Systemic therapy was translated into two parts: qualification and relational/reconstructive understanding. Qualification means that the minimum requirement but not the goal of every professional work context is the content-oriented qualification of the individual. Relational/reconstructive understanding on the other hand refers to the reconstructive ability, along the principles of the objective hermeneutics case analysis, to combine all available information of a case to work out its essential challenges.

The described three cornerstones of the model should not to be understood as fixed but might change depending on the particular working context.
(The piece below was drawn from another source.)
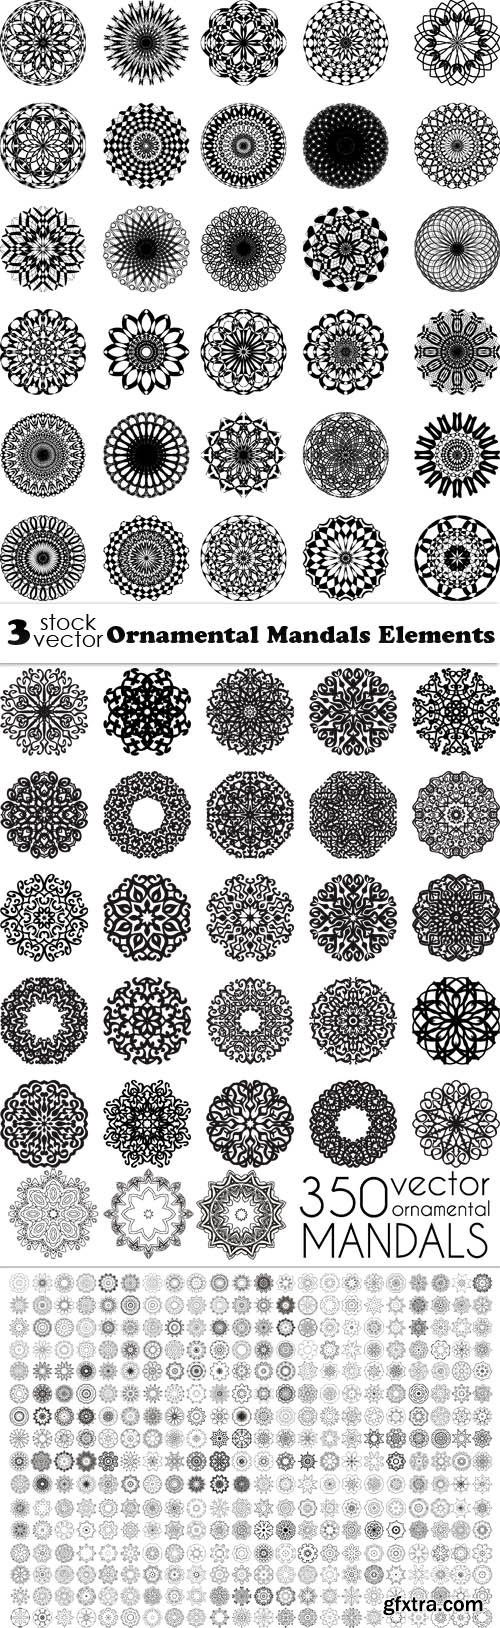 Vectors - Ornamental Mandalas Elements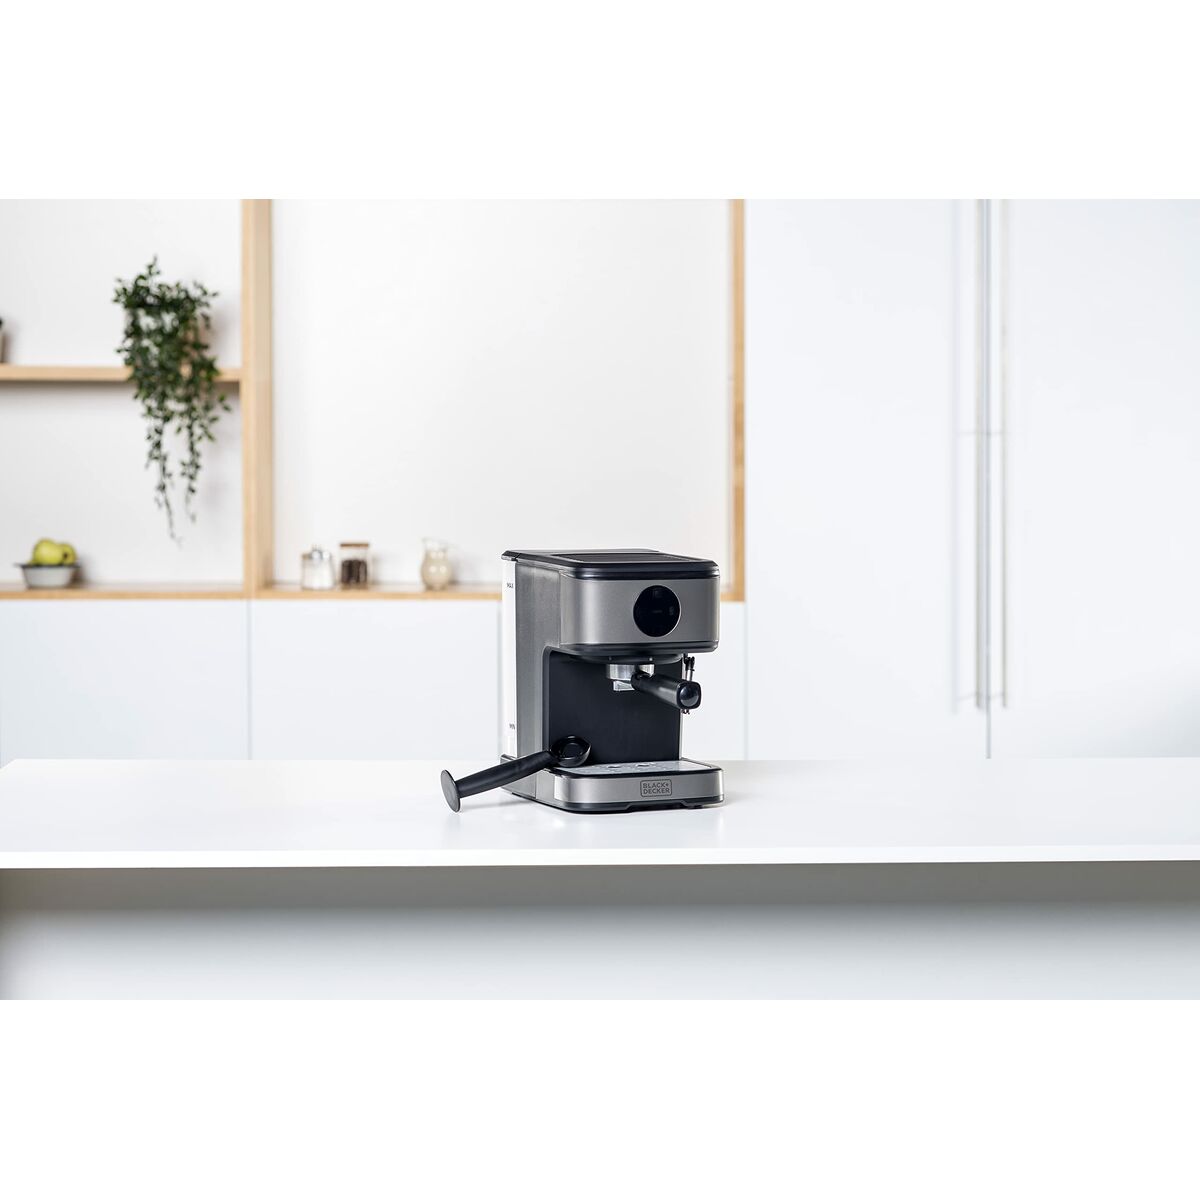 Superautomatische Kaffeemaschine Black & Decker BXCO850E Schwarz Silberfarben 850 W 20 bar 1,2 L 2 Kopper

This is based on the conviction that the application of the model within a new context must be done each time anew to remain sensitive to the particularities of each case. However, the central core element of Vipassana-meditation remains fixed, because only through the practice of Vipassana-meditation and the observation of one's own bodily sensations with equanimity can personal transformation of one's own mental-somatic models be realized.

== Working procedure ==

Central for in-depth systemics work is the continuous practice of one's own individual mental-somatic models through the practice of Vipassana-meditation as taught by S.N. Goenka. This ensures that apart from the ongoing development of professional qualifications, reconstructive understanding, and coopetition, the transformative processes in the depth of the mind are maintained. Vipassana-meditation can be learned in initial 10-day retreats, after which individuals can continue to practice the meditation technique autonomously.

== Scientific evaluation ==

Between 1992 and 1998, a scientific evaluation of the drug therapy center start again (Zürich/ CH) took place, which is based on in-depth systemics principles. The research study was financially supported by the Swiss federal office of justice. The task was to investigate whether therapy instead of prison in the context of severe drug addiction has a positive empirical outcome for the target group. A conservative criterion was chosen to define recovery from drug addiction empirically and to measure therapeutic success. The study followed a mixed-methods research design by combining qualitative as well as quantitative methodologies: case reconstructive work based on objective hermeneutical analysis as well as statistical calculations of therapeutic success by means of Bayesian statistics for small samples

The main results of the study showed that 2/3 of the clients who completed the whole therapeutic program could be classified as a success in accordance with the chosen conservative criterion for therapeutic success. No significant differences were found between men and women and between clients who participated voluntarily and those who chose a “therapy instead of prison” sentence. Vipassana-meditation was identified as an important predictor for the prevention of serious relapse. However, Vipassana-meditation did not predict therapeutic success. Urban Studer, the author of the study concluded that it is the institution with its in-depth systemics program as a whole that works rather than a single isolated factor.

Between 2007 and 2010, a qualitative catamnestic follow-up study with former clients of start again was conducted to reconstruct retrospectively their personal and professional biography after leaving the therapeutic program. Based on objective hermeneutical analyses, a model was developed to describe recovery from drug addiction. The model was applied to the clients’ life course after therapy and allowed the derivation of testable predictions. The model contains the following steps: (1) small steps, (2) small changes, (3) transformation of vulnerabilities to resources, and (4) the dissolution of the dependence on resources as well as vulnerabilities. The studied clients reached level (3) and one client showed evidence of level (4).

A systematic scientific evaluation of in-depth systemics in case management, business leadership, and coaching of sports prodigies has not been conducted yet.